Holy Redeemer is a large parish and the place was packed.  Most of the people present were older than me, and female.  Folks with a job were at work, leaving the pews to us retirees.

When Mass was over I headed back to the motel to load up and get on the road.

After packing the bike, I left the key card by the TV for the maid, and got underway.  I was on the road just as I predicated; 10:55 am.

The GPS directed east on U.S. 192, the main drag through town.  The unit displayed my next turn in 9 miles-onto the Florida Turnpike.  It was 9 miles of one red light at a time almost the entire way.   Every corner had a traffic light, and  many stores had lights to help customers coming and going.   Escaping Kissimmee was tedious work.  "This is early February, noway do I wanna be here in June, I bet this road is a parking lot."

Finally I met the Turnpike and got on board.  I pulled the ticket, and crammed it my sleeve pocket, "I wonder how much this is gonna cost me," and motored south.

By lunch time it was already 73 degrees, under sunny, mostly clear skies.  I glanced down at the gas gauge and noted the reserve light will be coming on soon.  With nothing else to do I tabbed the Zumo for a elevation check, 74 feet.   "Why am I not surprised?  Not seen a hill since I left the Panhandle."

I left the screen low, and the cruise button on, so I could come off and on without having to push the switch over every time.  The red light on the left bar glowed to remind me it was in the on position.  When the cruise is full on the yellow word "SET" shines at me from the instrument cluster.  The RT's cruise is the finest on 2 wheels.  Dead on accurate at any speed, and elevation, if you set it at 75 it will never waiver.

The turnpike is the more expensive option to Miami, as opposed to I-95, which flows south a little closer to the coast, with a whole lot more congestion and chaos.  The turnpike has less of both.  Less trucks, less cars, less RVs and less urban sprawl.  All in all, probably worth the money for a Long Rider.

It was good to have my left turn signal back.  It died on me last fall up in New York, and I rode the RT up till now without it.  I wanted to consolidate a routine maintenance and fix in the same trip.  I thought it might have a bad switch, but the contacts just needed cleaning.  Coming back from New York without a left signal was less then fun.

But on this day, everything was working fine, and the RT ambled along the turnpike south to Miami without a whimper.  

Twenty miles after joining the turnpike a state trooper had a north bound Lexus to the side.  The posted limit was 70, and on the well patrolled interstate systems of Florida, I stayed around 78.

Riding along, the warm wind of South Florida flowed around the low screen, pushing the vents open through the Roadcrafter.  It was warm, humid air.  "Man there is no place like South Florida in February."

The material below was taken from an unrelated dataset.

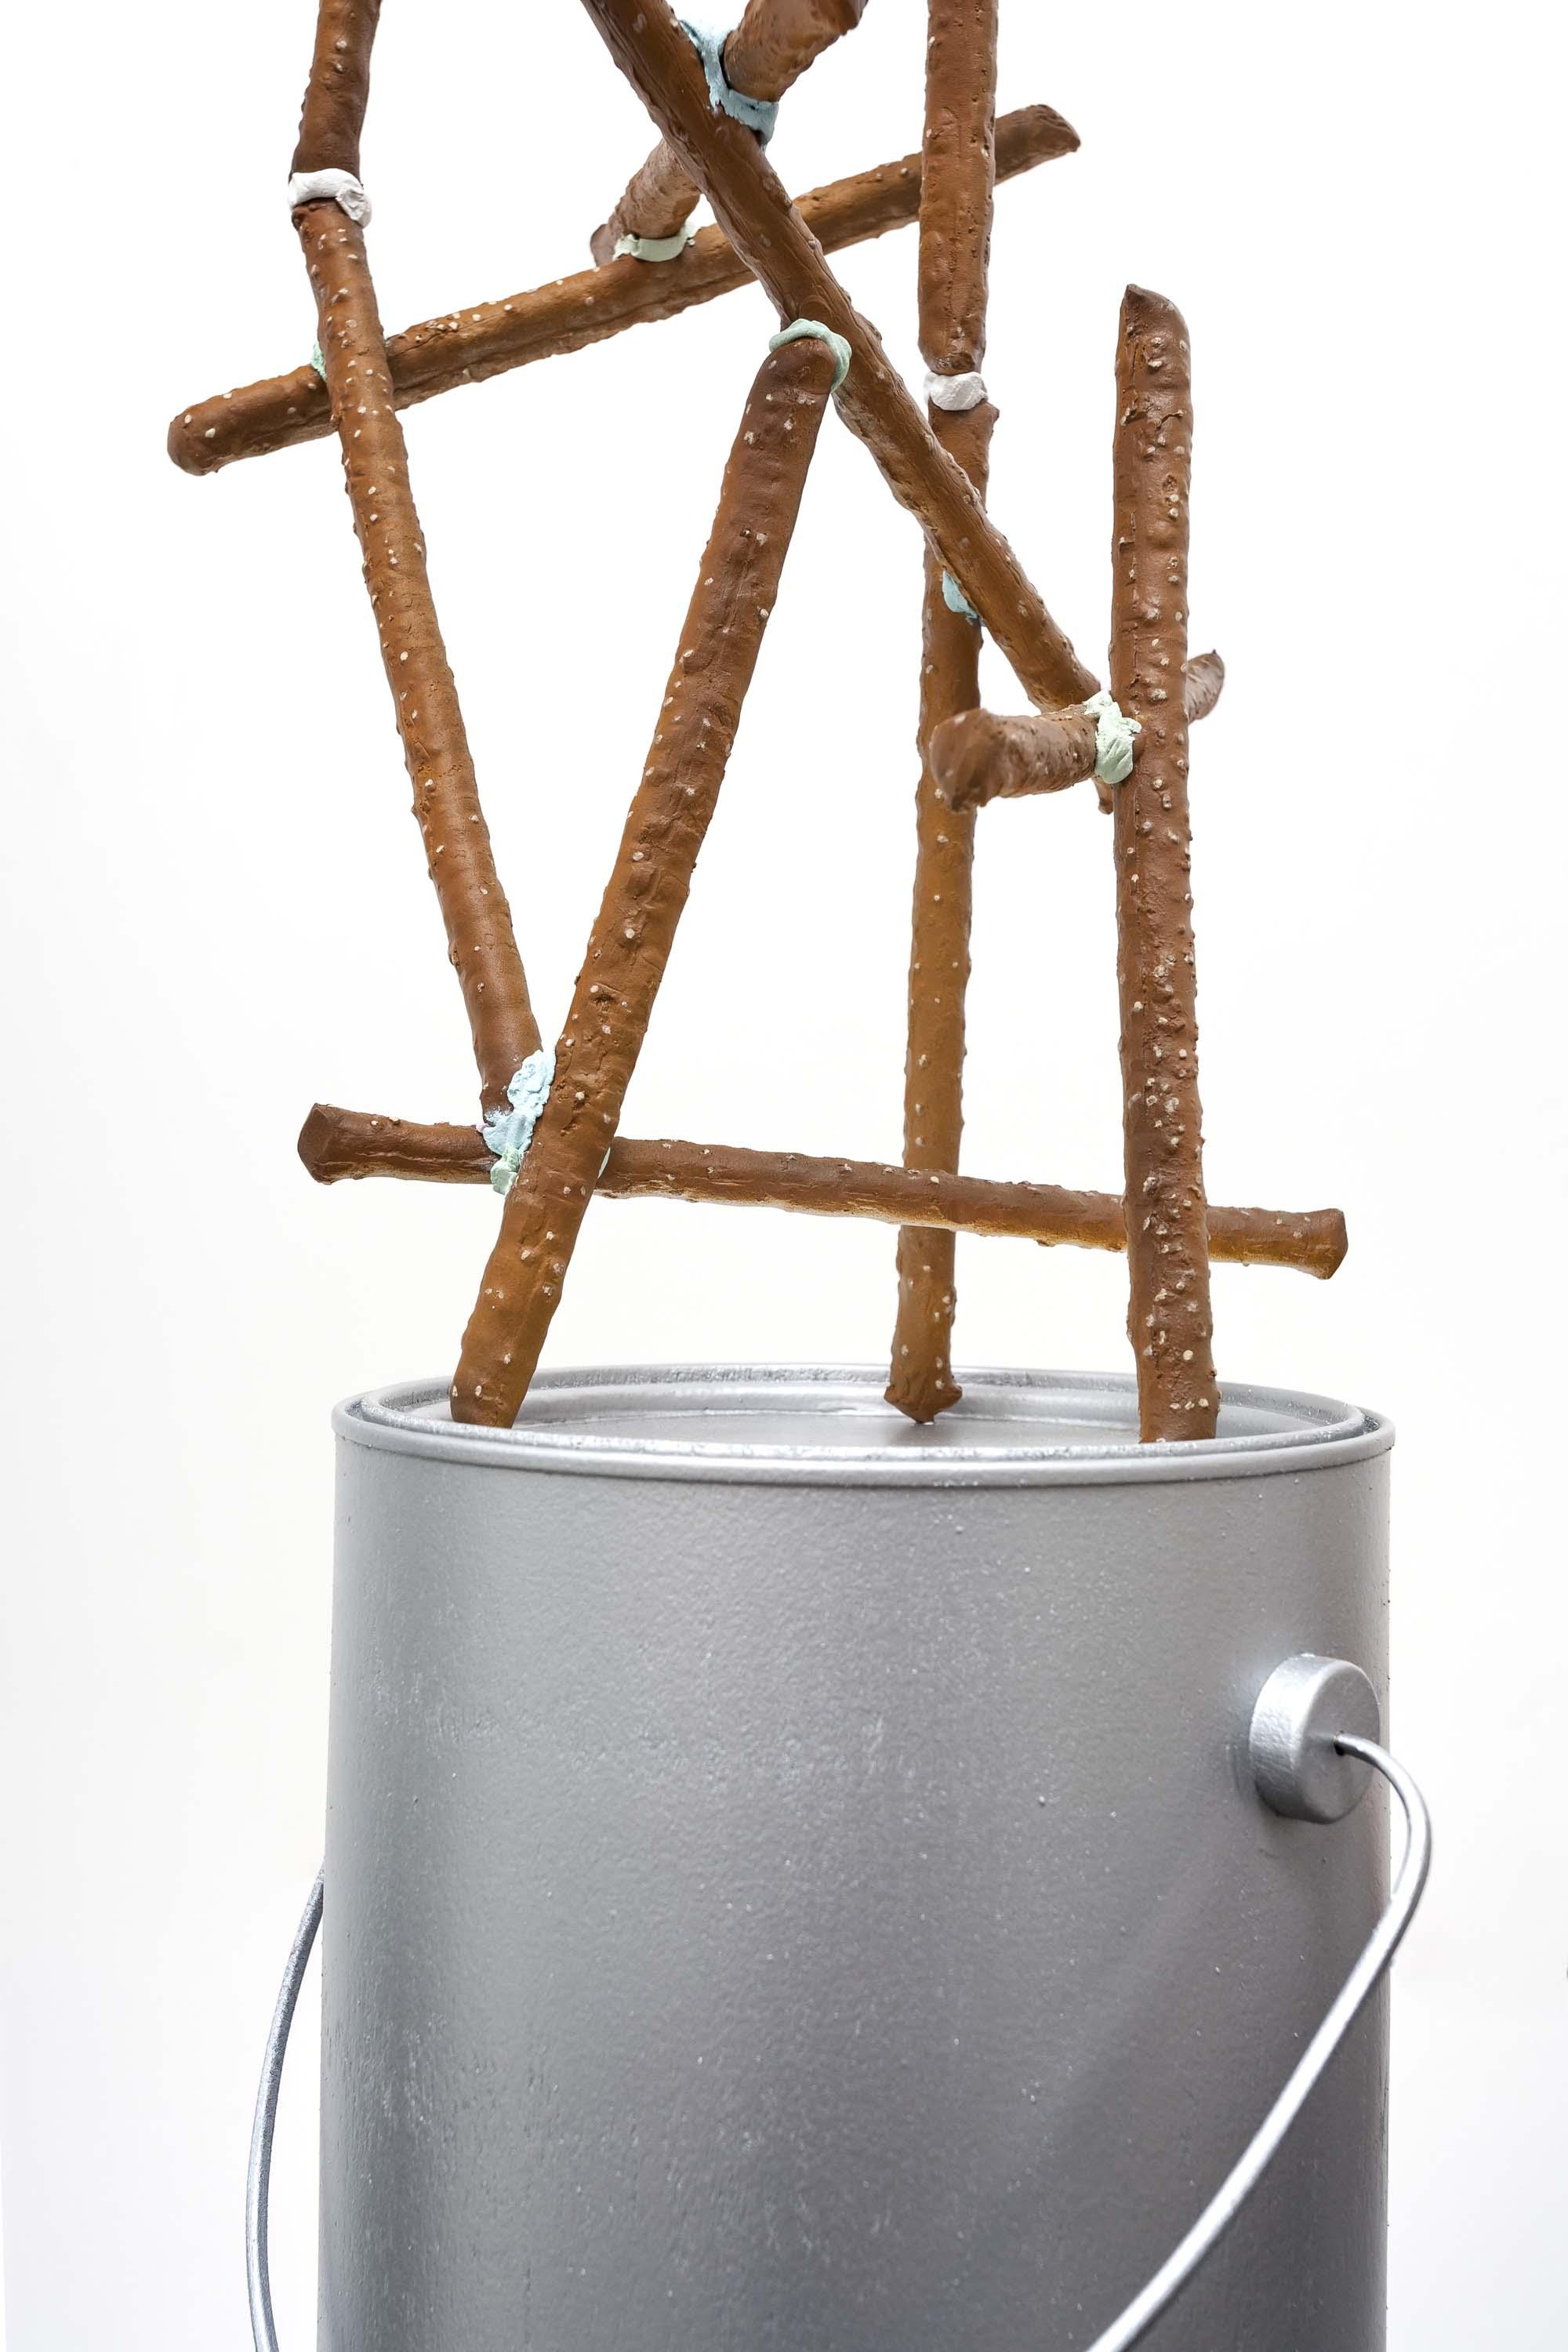 Brown pretzel sticks with specks of white are glued together in a stacked formation, and are balanced atop a silver paint can.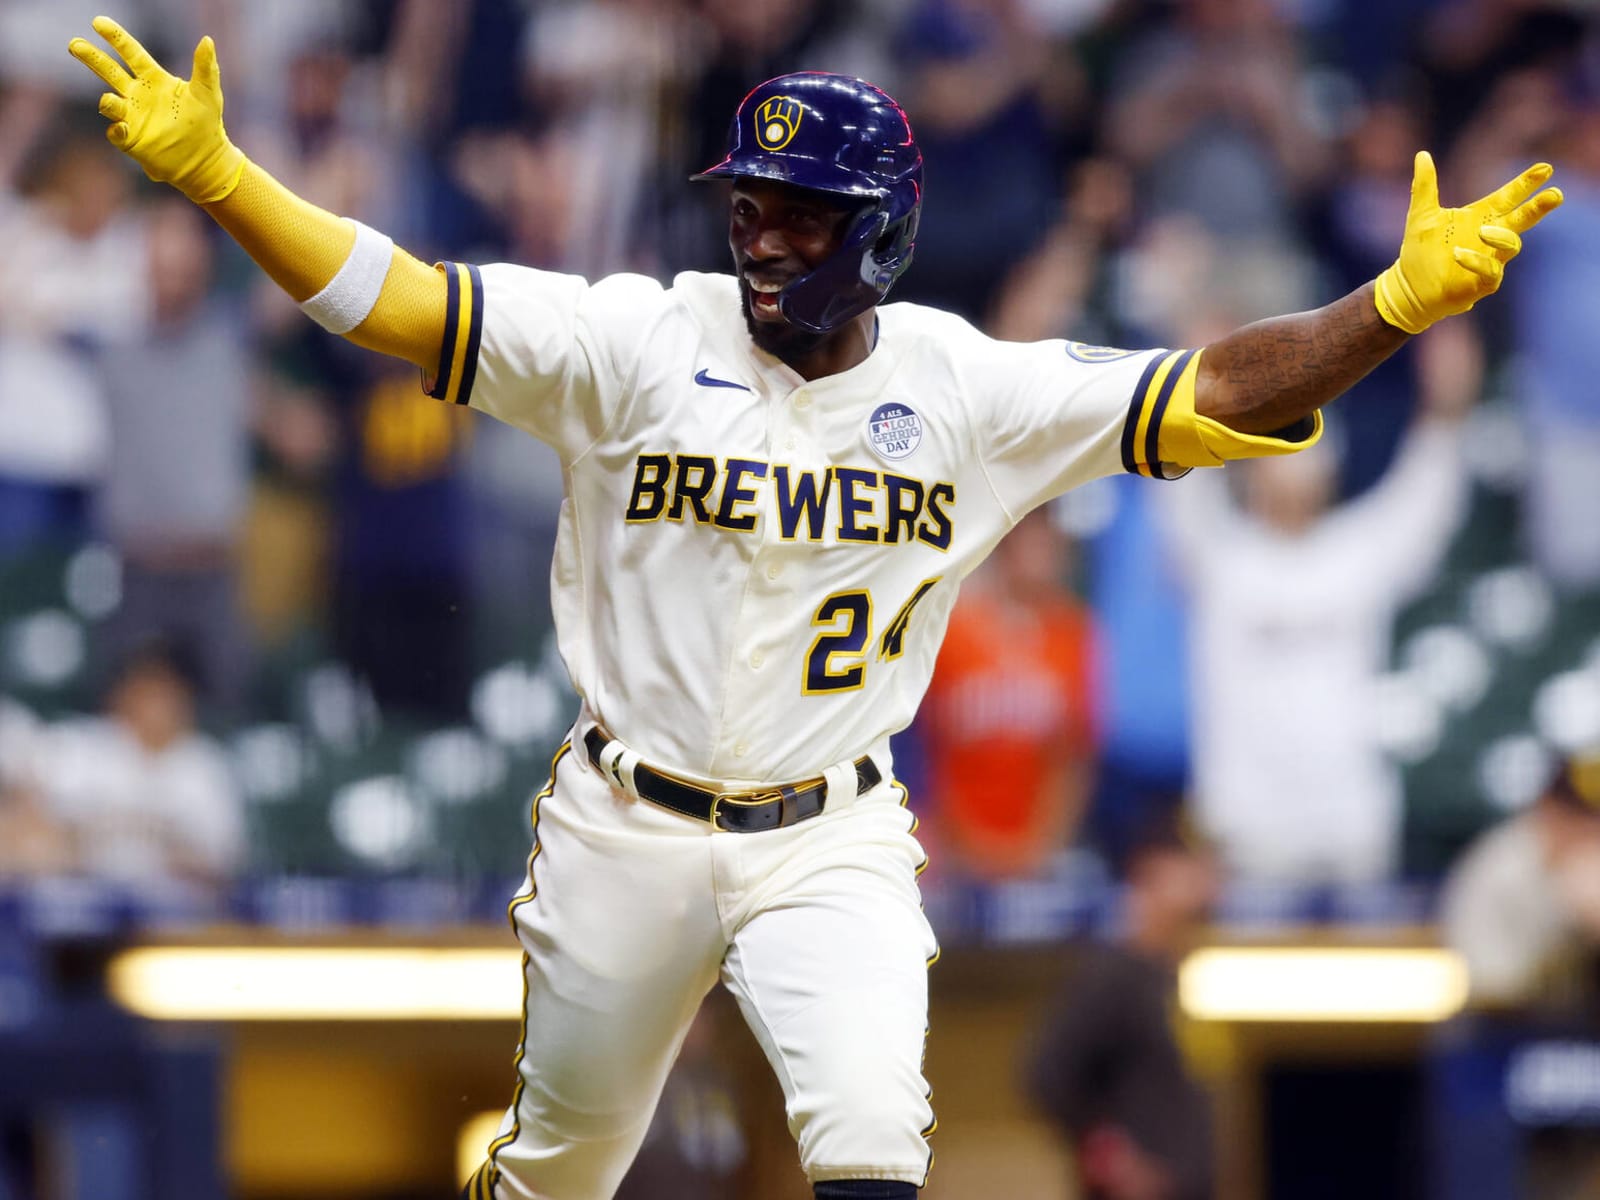 McCutchen reveals why he chose to play for Brewers

I stopped for gas and a sandwich at one of those turnpike service centers.  I filled the RT with 92 octane and wheeled over to the side for a peanut butter and jelly sandwich.  "Reckon, this'll be lunch, I'll be in Miami in couple more hours."  There were some fast food options inside, but I couldn't leave my bike.  I had too many expensive things to watch over, like a GPS, and video cam (in my bag).  In a small town in Kansas I'll take the GPS in with me, and not worry about the stuff in my bags.  Those folks are not going through your packs, but at a busy interstate rest or service area, man, anything is possible.  Be guarded.

Inside the con store I found a Mountain Dew in the cooler and while paying for it, a guy came in with towing problems.  "I'm pulling a trailer with that U Haul out front and something is not right."  He told the clerk.

"Not much I can do, I'm just the clerk."

"Well I know that, but who can I call?"

"They don't allow us to make suggestions for stuff like that, all I can do is give ya this phone book and let you pick a place out."

"But I'm from Ohio, who the hell do I know to call?"

The man had a point, but in this day and age, nobody wants to make a decision on anything.  Ask somebody a question and the first thing comes to mind, "what if it doesn't work out and he tries to sue me?"

I told the man, "look here, follow me outside I can help a little." 

"So what's wrong with your ride?"

"I dunno, but steam came from under the hood."  I could smell radiator as we approached.

His wife and young daughter were inside the cab.  I climbed up and popped the hood, then looked over the engine compartment, sure enough, some kind of boil over.  "So what's ya name?"  I asked. 

"Jerry"

Jerry didn't seem to know much about such things, and I told him.  "Well Jerry your radiator is bone dry.  We could put more water in it, but it will surely leak out again and put you down, probably out on the turnpike somewhere.  Has to be a reason for it to do that.  I can't see U Haul not keeping the hoses and clamps in good condition, and they look ok anyway, so I'm gonna say something musta pierced the radiator."

His wife said, "Oh my is that bad?"

"yeah that's bad"

"What do you suggest?"

"look, we're in between Orlando and Miami, plenty of help not far.  Just call the 800 number for U Haul, should be on your contract, and report it, and they'll send a guy out here to tow ya to the closest shop.  I'm sure they have several under contract in the area, and they'll be right out here cause they know U Haul pays good."

"What about my trailer?  (He was pulling his SUV)

"well that could be a problem, but maybe these folks will let you drop it here, don't hold your breath on that, but it's worth a shot."  We went inside to quiz the clerk.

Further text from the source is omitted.